Шрифт:
Интервал:
Закладка:
Клишин Витя жил в доме военнослужащих на Теряна, 2, там, где жили Микоян Сергей, Садовский Саша (где он сейчас?). Не нравился он мне, так уж было. Ни его круглые щёки-пончики, притом, что он не был толстячком, как я. Ни подкалывающие характеристики по любому случаю. Ни императивная форма общения. Чуть завидит меня, сразу требует объяснения: почему не на коньках? Почему в кедах? Понятно, что дружбы с ним у меня не было. Осталась одна шутка, и та связанная с его фамилией. Мы, группой мальчиков стояли в вестибюле, ждали Клишина, он должен был выйти из самой последней двери в конце коридора, а он всё не выходил. Сергей Микоян громко позвал его: Клиш! Тут проходила уборщица, подошла к нам и пристыдила: хулиганы! Она «клиш» восприняла как «կլիր[75]».
Как-то на физкультуре мы по кругу ходили, я шёл за ним. Напевал себе песню Мануэля «Je te jure», она звучит примерно так: жё то жире. Клишин повернулся и говорит: «Что там шире, жопа? Да, твоя жопа шире!» Тема жопы исходила от него постоянно.
Очень смутно запомнился ещё один эпизод, связанный с ним. В парке железнодорожников Сергей Микоян и Витя Клишин катались на своих велосипедах «Орлёнок». Кто был из мальчишек ещё, кроме меня, не помню. Но были там ещё Таня Берёзкина и Света. Фамилии Светы никогда не знал. Жила она в нашем квартале в здании музыкальной школы на Батуми. У неё был прямой распущенный светло-русый волос, черт лица не помню, но мне казалась красивой. Тогда мне все блондинки казались красивыми. Она в этом возрасте, примерно 13–14 лет всё время ходила в синей шерстяной спортивной форме. Дружила с Таней, их часто можно было видеть вместе после школы. Спустя годы, не помню, в каком контексте я спросил Таню, мол, была у тебя в подругах Света с нашего квартала. Таня нахмурилась и процедила зло: «Это была моя ошибка». Итак, Витя и Сергей катают на задних «сиденьях» Таню и Свету, попеременно пересаживая их с одного велосипеда на другой.
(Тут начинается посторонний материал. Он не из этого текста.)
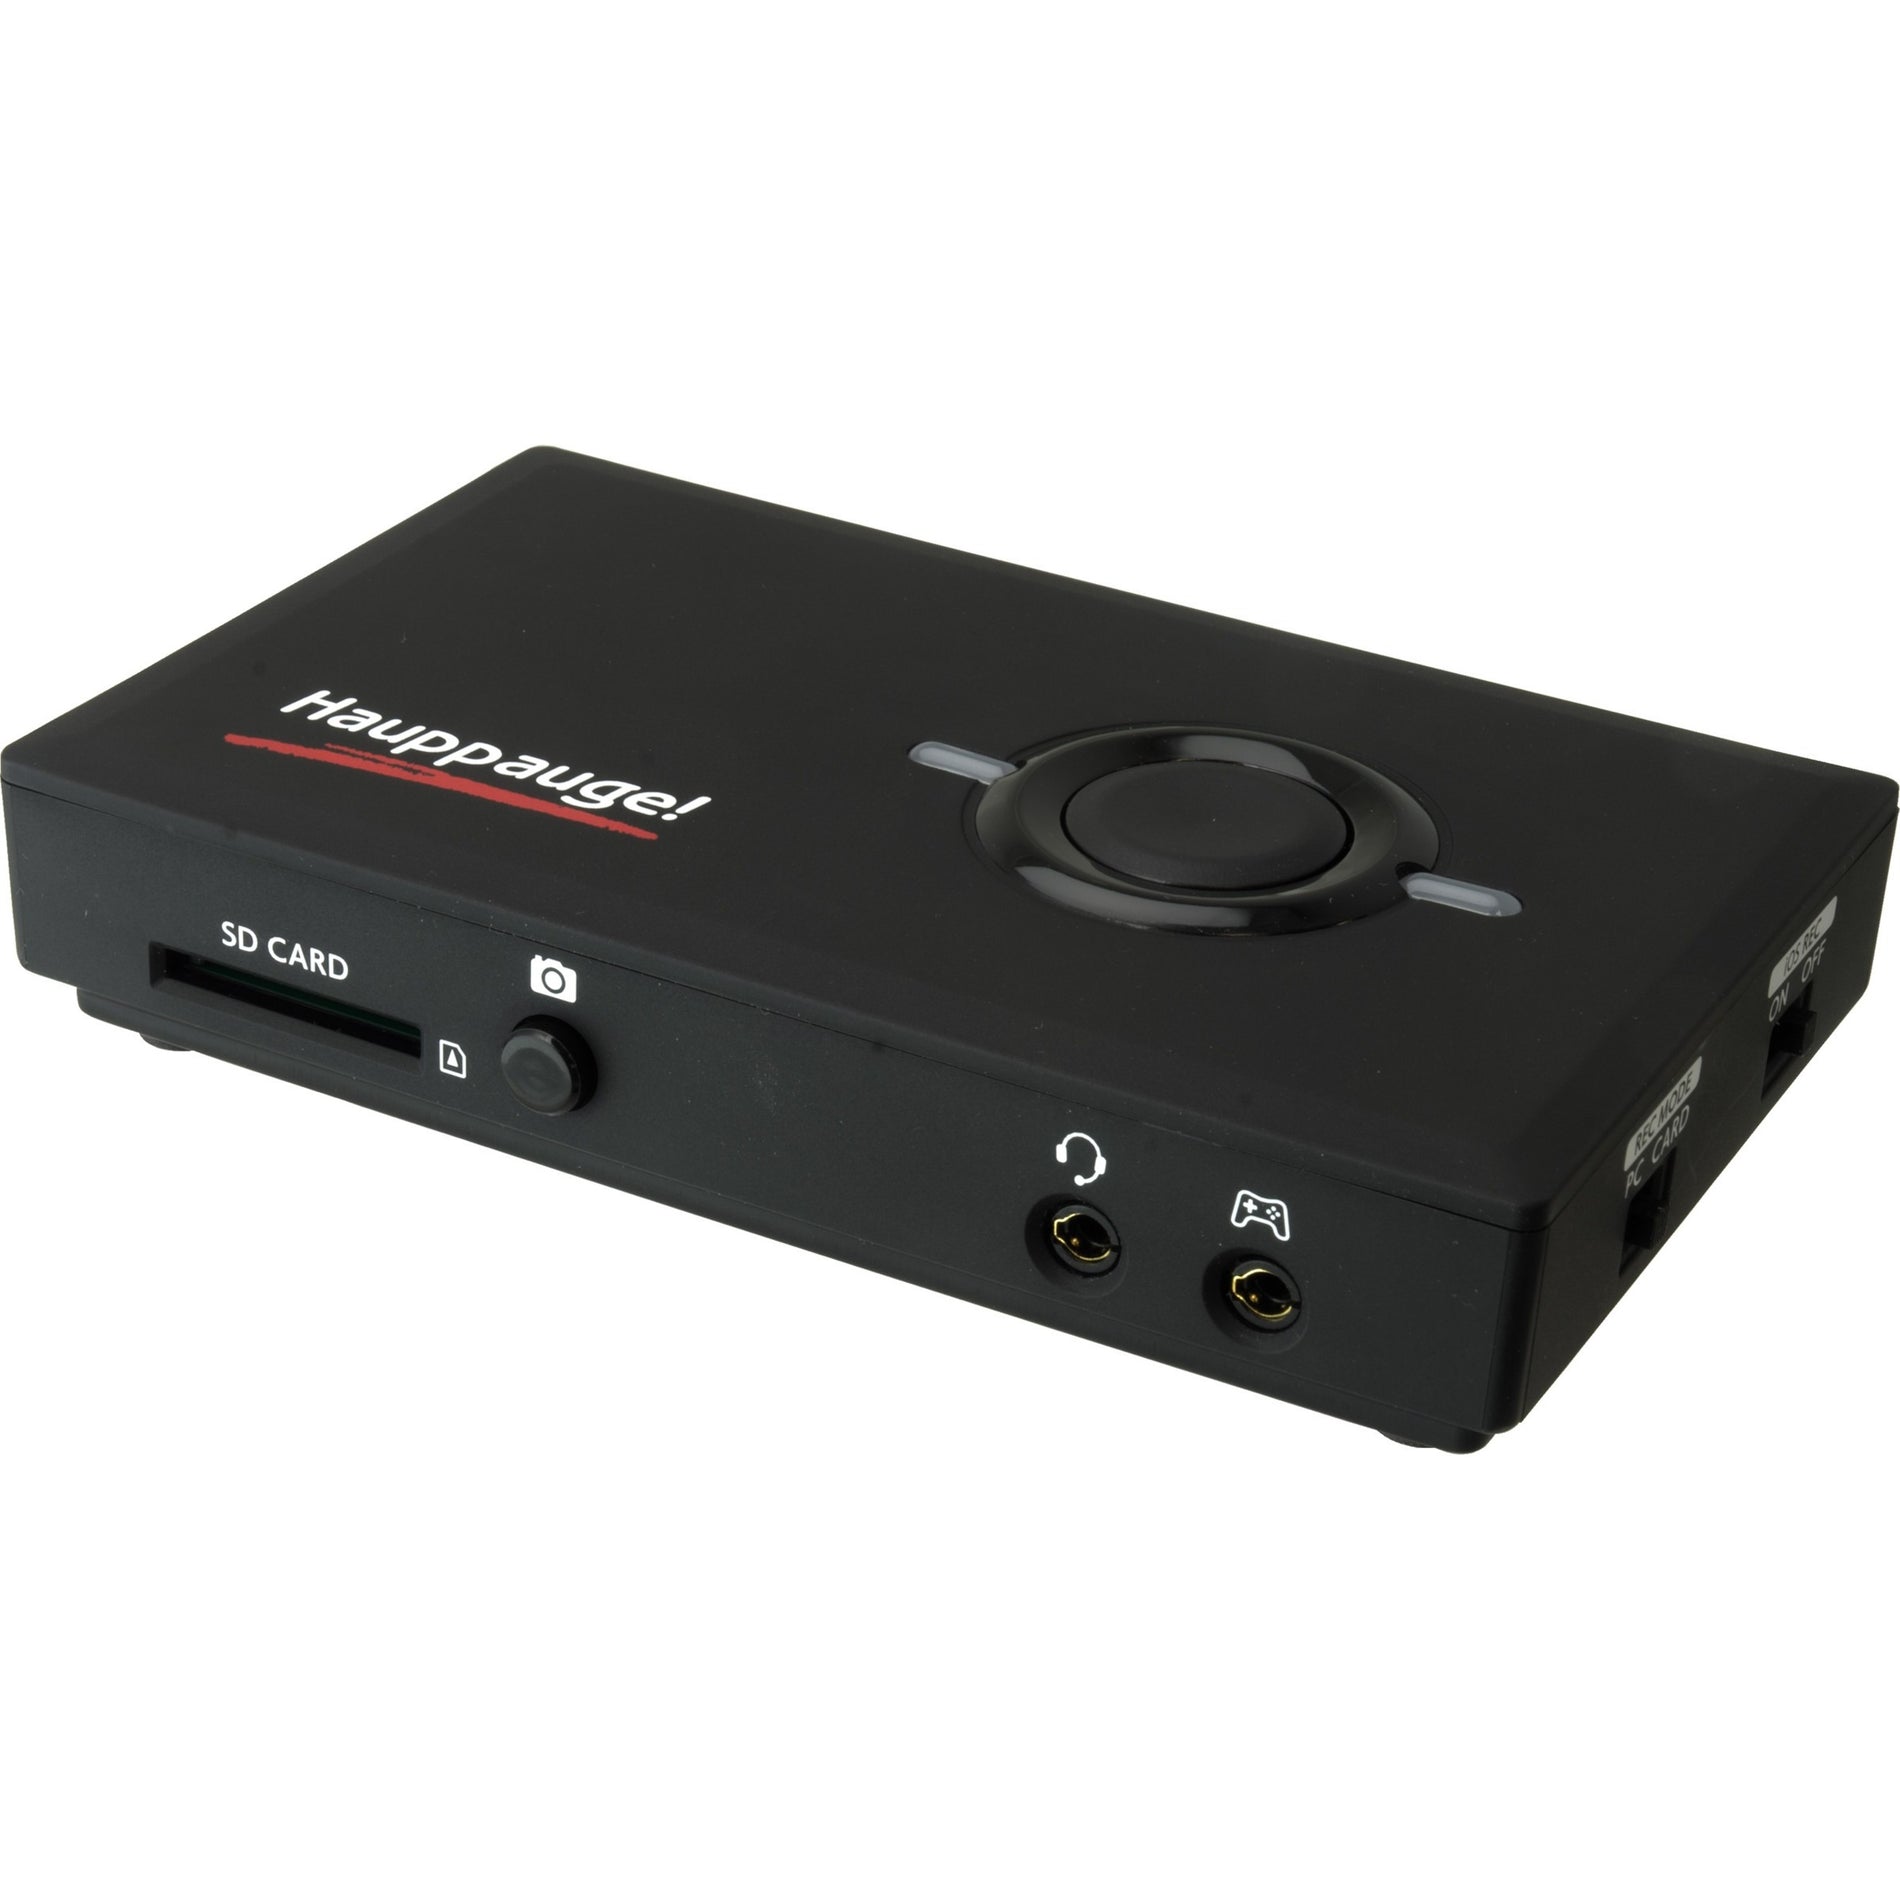 Hauppauge 1684 HD PVR Pro 60 High Definition 60fps H.264 Personal Video Recorder, USB 2.0

Тут моя память отказывается вспомнить, почему так должно было завершиться, но я запомнил это именно так. Когда, накатавшись, девчонки ушли, я спросил Сергея: «Ну что она сказала?» — «Она сказала, что не любит меня. Сказала, что любит Витю Клишина». Такая вот странная фрагментированная нелогичная история. А больше всего меня тогда удивило, что как это можно не любить Микояна, а любить Клишина?!
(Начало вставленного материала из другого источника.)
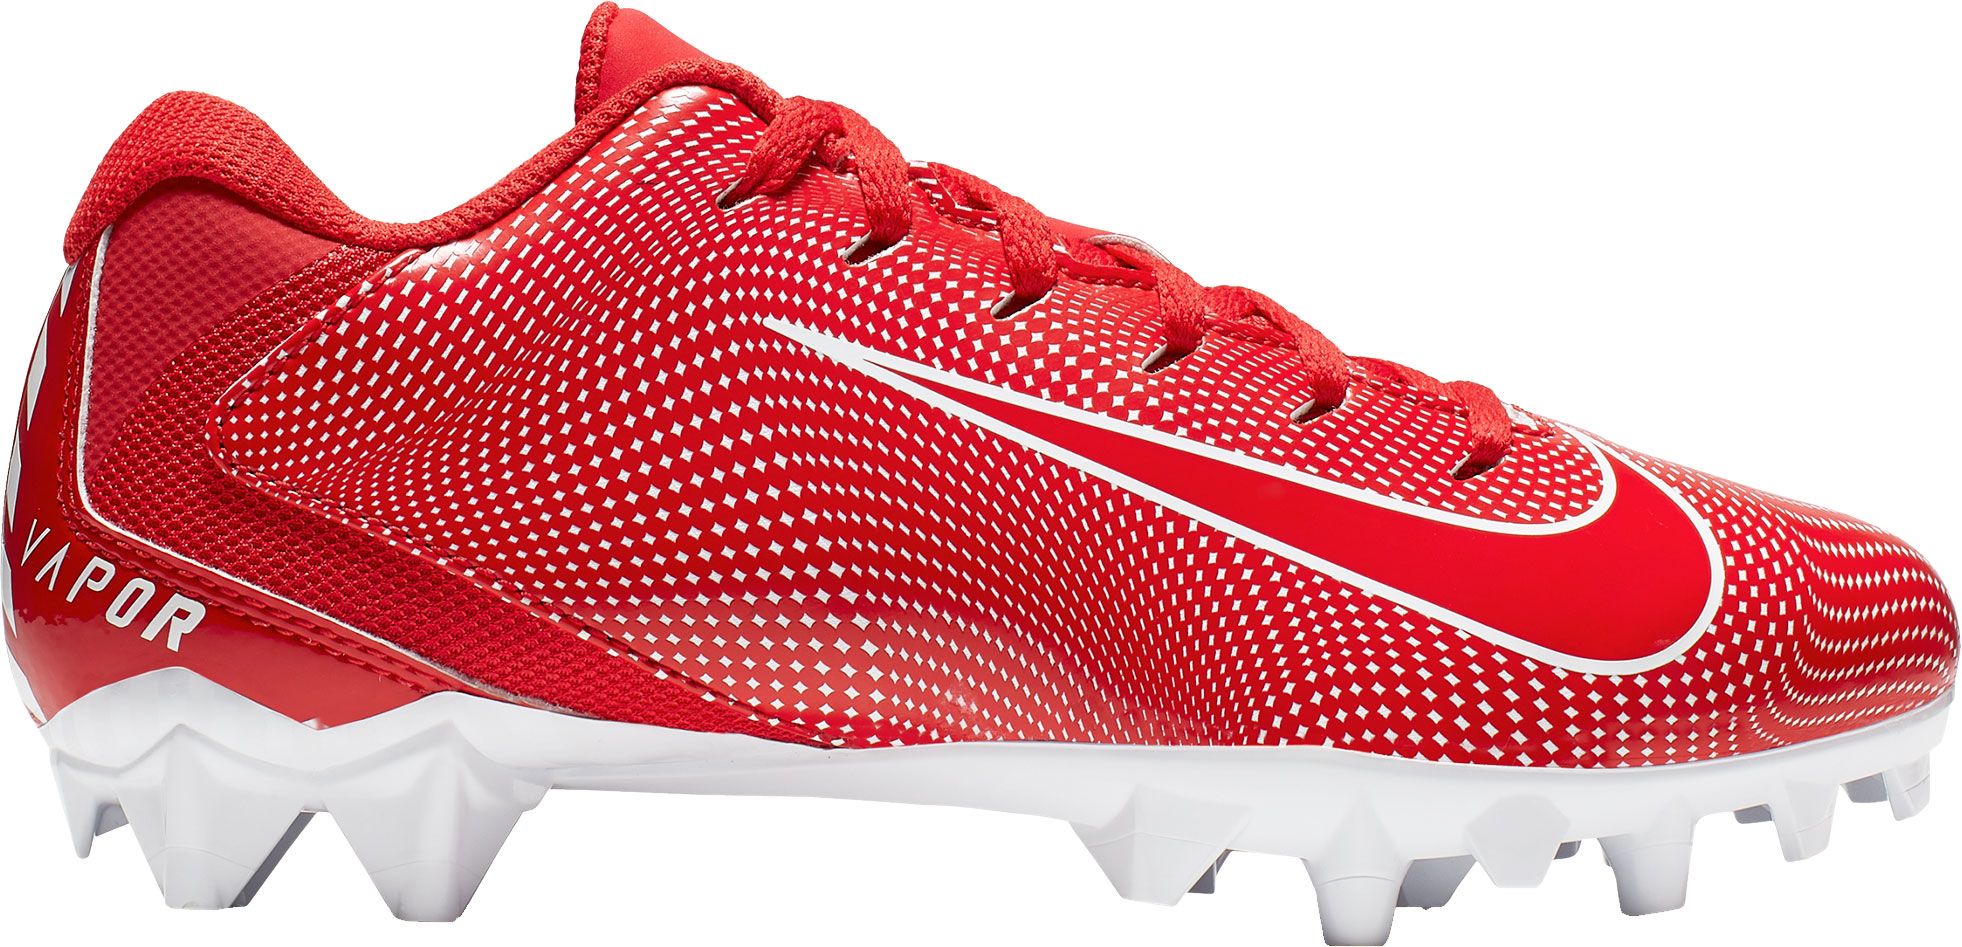 nike youth football shoes

Мушелян Славик, второгодник, появился в 3 «Б» классе. Все знали, что он вор. И так получилось, что какое-то время он сидел со мной за одной партой. Понятно, что он учился никак. Идея подсаживать отстающих к успевающим, видимо, была в советской педагогике от Макаренко, вот образец, бери с него пример, в затруднении помощь всегда рядом. Слава очень коротко стриг ногти, говорил, что лезвием бритвы. Так, я слышал, делали боксёры. Ещё Слава весь год сокрушался, что у него кеды рваные, вот он зашьёт их и сможет носить. Был такой случай. Во время перемены весь класс должен был выходить в коридор. Какой-то период было и такое правило. А Славе пофиг, он сидит себе на последней парте, и всё. Тогда меня затолкнули в класс, может, я был дежурным в тот день, не помню, мол, проследи, чтобы не спёр чего. И я помню свои мучительные размышления: допустим, он сейчас что-то заберёт из чужой парты, и что мне делать? Схватить за руку и кричать: товарищи, я задержал вора?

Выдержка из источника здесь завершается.